One convenient thing we might want to do is put all our summary statistics together in one spot - in essence, expand the output from `describe`.  Below I'll go into a short example:

In [6]:
from pyspark.sql import Row

columns = df_described.columns  #list of column names: ['summary', '_c0', '_c3', '_c4', '_c5', '_c6']
funcs   = [skewness, kurtosis]  #list of functions we want to include (imported earlier)
fnames  = ['skew', 'kurtosis']  #a list of strings describing the functions in the same order

def new_item(func, column):
    """
    This function takes in an aggregation function and a column name, then applies the aggregation to the
    column, collects it and returns a value.  The value is in string format despite being a number, 
    because that matches the output of describe.
    """
    return str(df.select(func(column)).collect()[0][0])

new_data = []
for func, fname in zip(funcs, fnames):
    row_dict = {'summary':fname}  #each row object begins with an entry for "summary"
    for column in columns[1:]:
        row_dict[column] = new_item(func, column)
    new_data.append(Row(**row_dict))  #using ** tells Python to unpack the entries of the dictionary
    
print(new_data)

[Row(_c0='-0.00183847089866', _c2='None', _c3='0.519799339496', _c4='0.758411576756', _c5='0.286480156084', _c6='-2.69765201567', summary='skew'), Row(_c0='-1.19900726351', _c2='None', _c3='0.126057726847', _c4='0.576085602656', _c5='0.195187780089', _c6='24.7237858944', summary='kurtosis')]


This code iterates through the entries in `funcs` and `fnames` together, then builds a new row object following the format of the standard `describe` output.  You can see from the output that it looks nearly identical to the output of `collect` when applied to a dataframe:

In [7]:
df_described.collect()

[Row(summary=u'count', _c0=u'3526154', _c2=u'382039', _c3=u'3526154', _c4=u'1580402', _c5=u'3526154', _c6=u'3526154'),
 Row(summary=u'mean', _c0=u'5.503885995001908E11', _c2=None, _c3=u'4.178168090219519', _c4=u'234846.78065481762', _c5=u'5.134865351881966', _c6=u'354.7084951479714'),
 Row(summary=u'stddev', _c0=u'2.5961123619752148E11', _c2=None, _c3=u'0.34382335723646673', _c4=u'118170.68592261661', _c5=u'3.3833930336063465', _c6=u'4.01181251079202'),
 Row(summary=u'min', _c0=u'100002091588', _c2=u'CITIMORTGAGE, INC.', _c3=u'2.75', _c4=u'0.85', _c5=u'-1', _c6=u'292'),
 Row(summary=u'max', _c0=u'999995696635', _c2=u'WELLS FARGO BANK, N.A.', _c3=u'6.125', _c4=u'1193544.39', _c5=u'34', _c6=u'480')]
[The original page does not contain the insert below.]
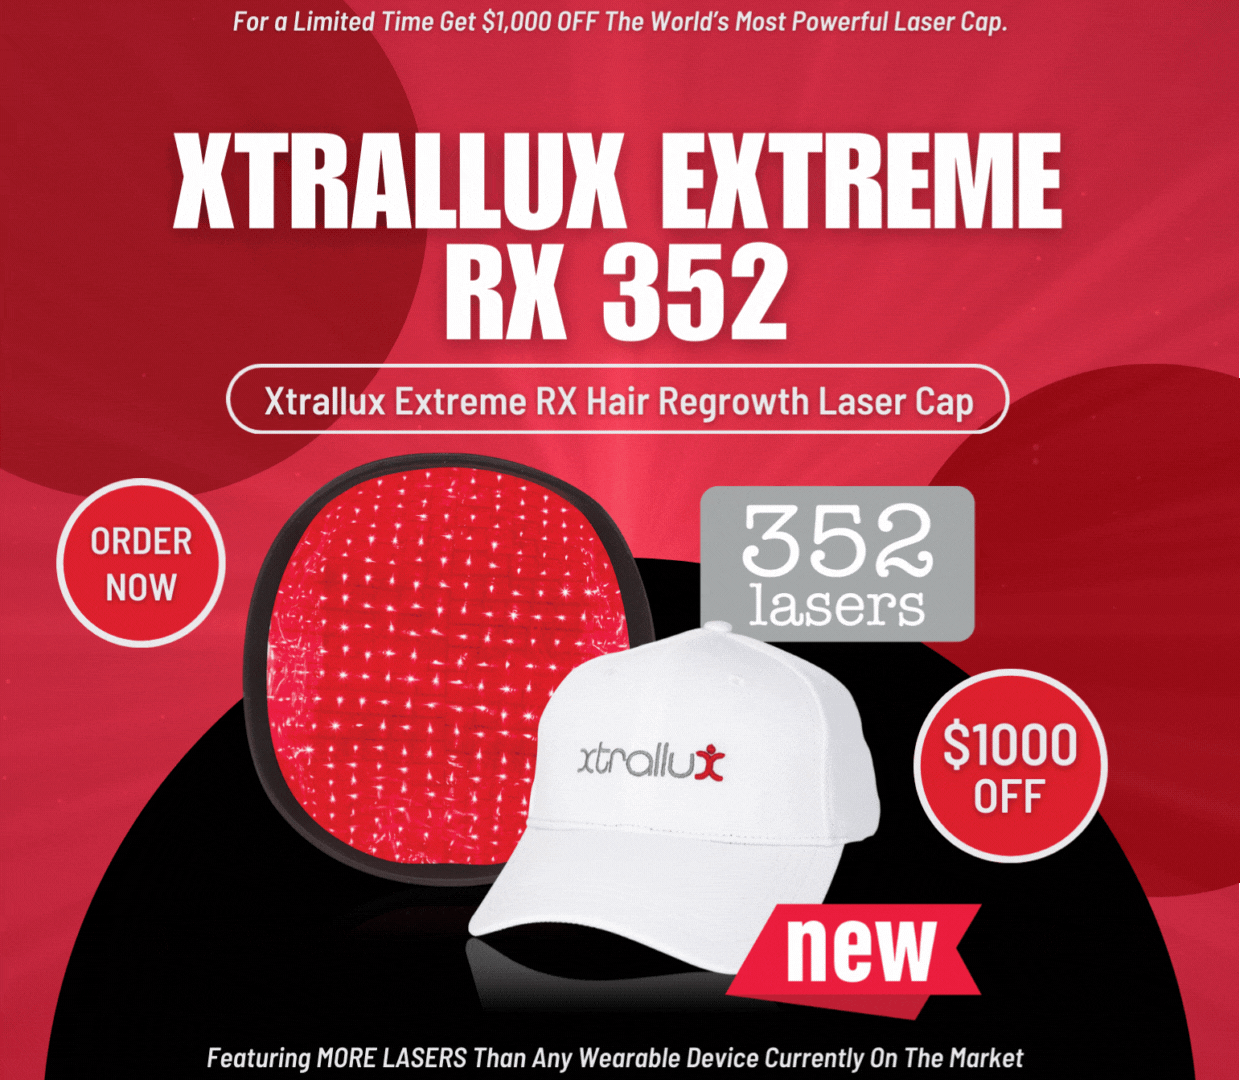 Now Offering a $1000 Rebate on the Xtrallux RX 352

Although the columns are out of order within the rows; this is because we built them from a dictionary, and dictionary entries in Python are inherently unordered.  We will fix that below.
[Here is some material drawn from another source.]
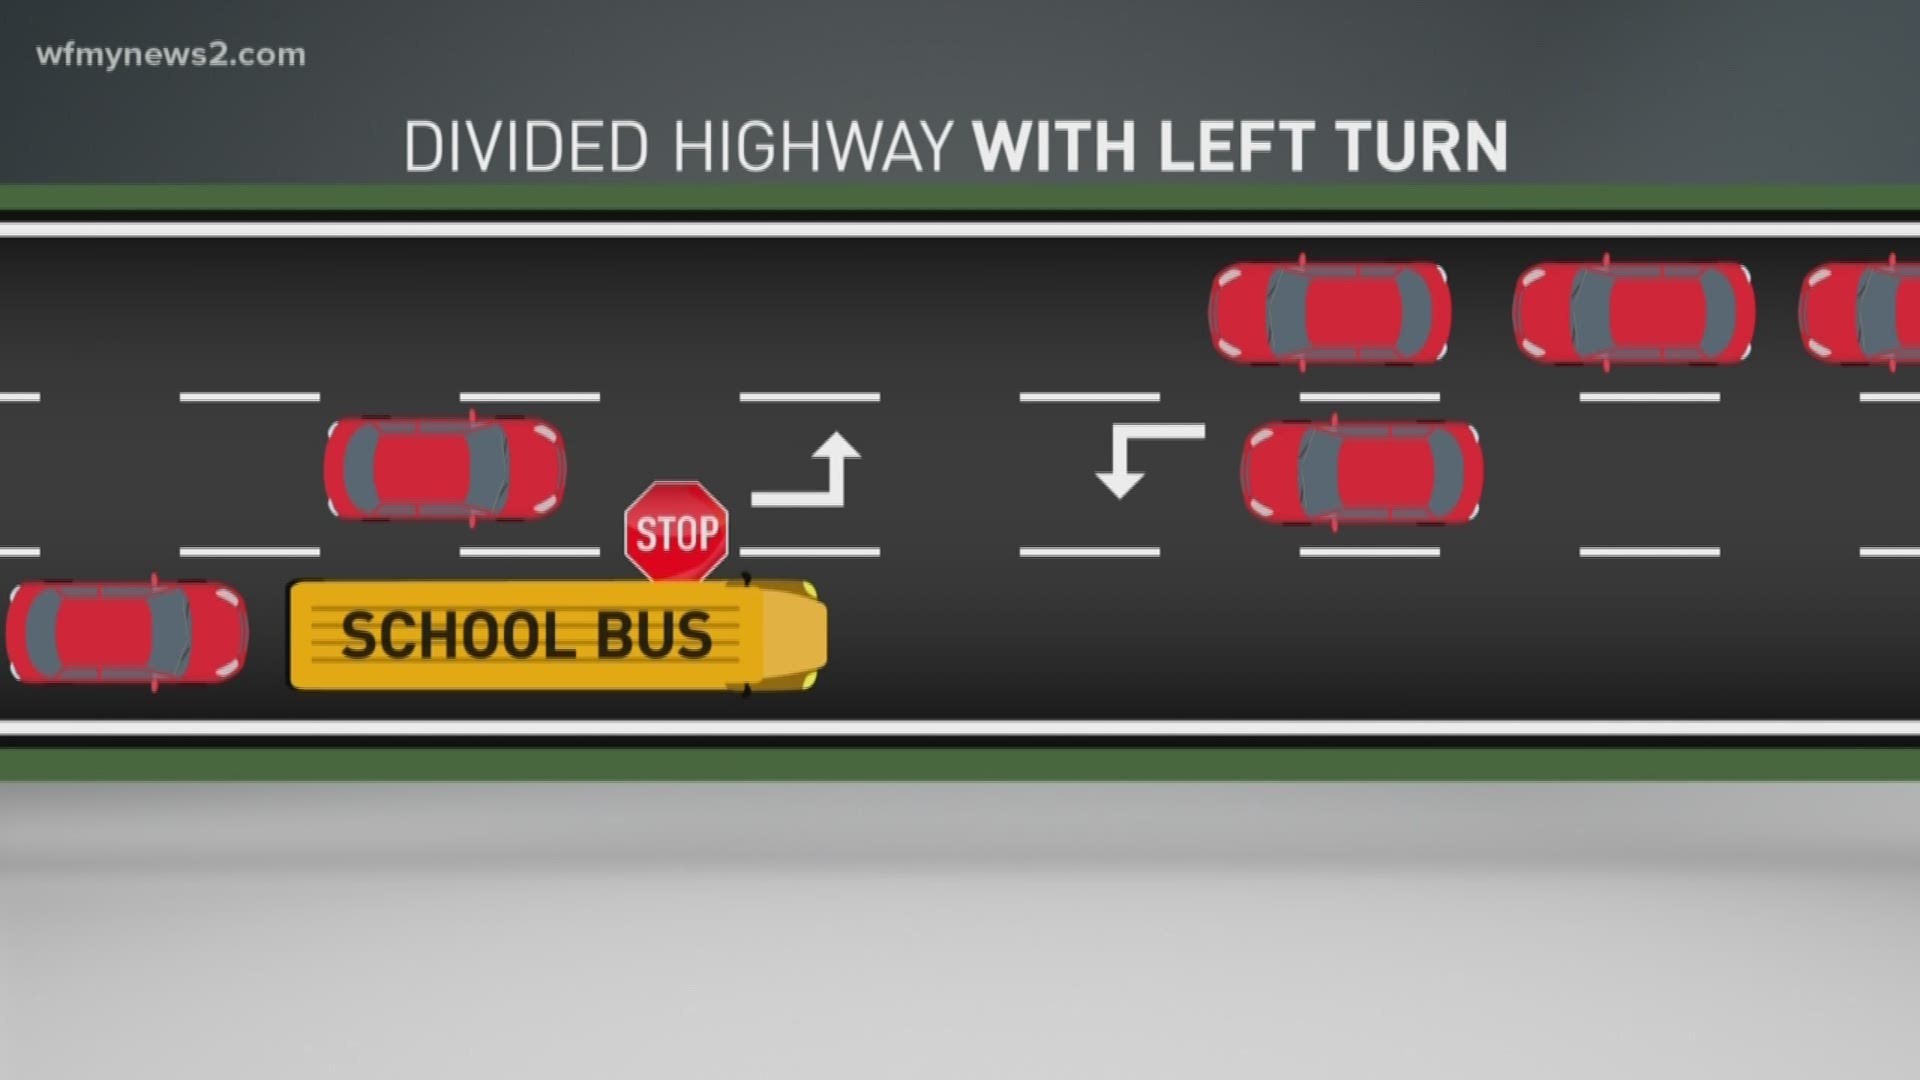 Know When To Stop For A School Bus

The next step is to join the two sets of data into one, in order to make a modified `describe` output that includes skew and kurtosis.  The same method could be used to include any other aggregations desired.

In [8]:
new_describe = sc.parallelize(new_data).toDF()           #turns the results from our loop into a dataframe
new_describe = new_describe.select(df_described.columns) #forces the columns into the same order

expanded_describe = df_described.unionAll(new_describe)  #merges the new stats with the original describe
expanded_describe.show()

+--------+--------------------+--------------------+-------------------+------------------+------------------+-----------------+
| summary|                 _c0|                 _c2|                _c3|               _c4|               _c5|              _c6|
+--------+--------------------+--------------------+-------------------+------------------+------------------+-----------------+
|   count|             3526154|              382039|            3526154|           1580402|           3526154|          3526154|
|    mean|5.503885995001908E11|                null|  4.178168090219519|234846.78065481762| 5.134865351881966|354.7084951479714|
|  stddev|2.596112361975214...|                null|0.34382335723646673|118170.68592261661|3.3833930336063465| 4.01181251079202|
|     min|        100002091588|  CITIMORTGAGE, INC.|               2.75|              0.85|                -1|              292|
|     max|        999995696635|WELLS FARGO BANK,...|              6.125|        1193544.39|      

And now we have our expanded `describe` output.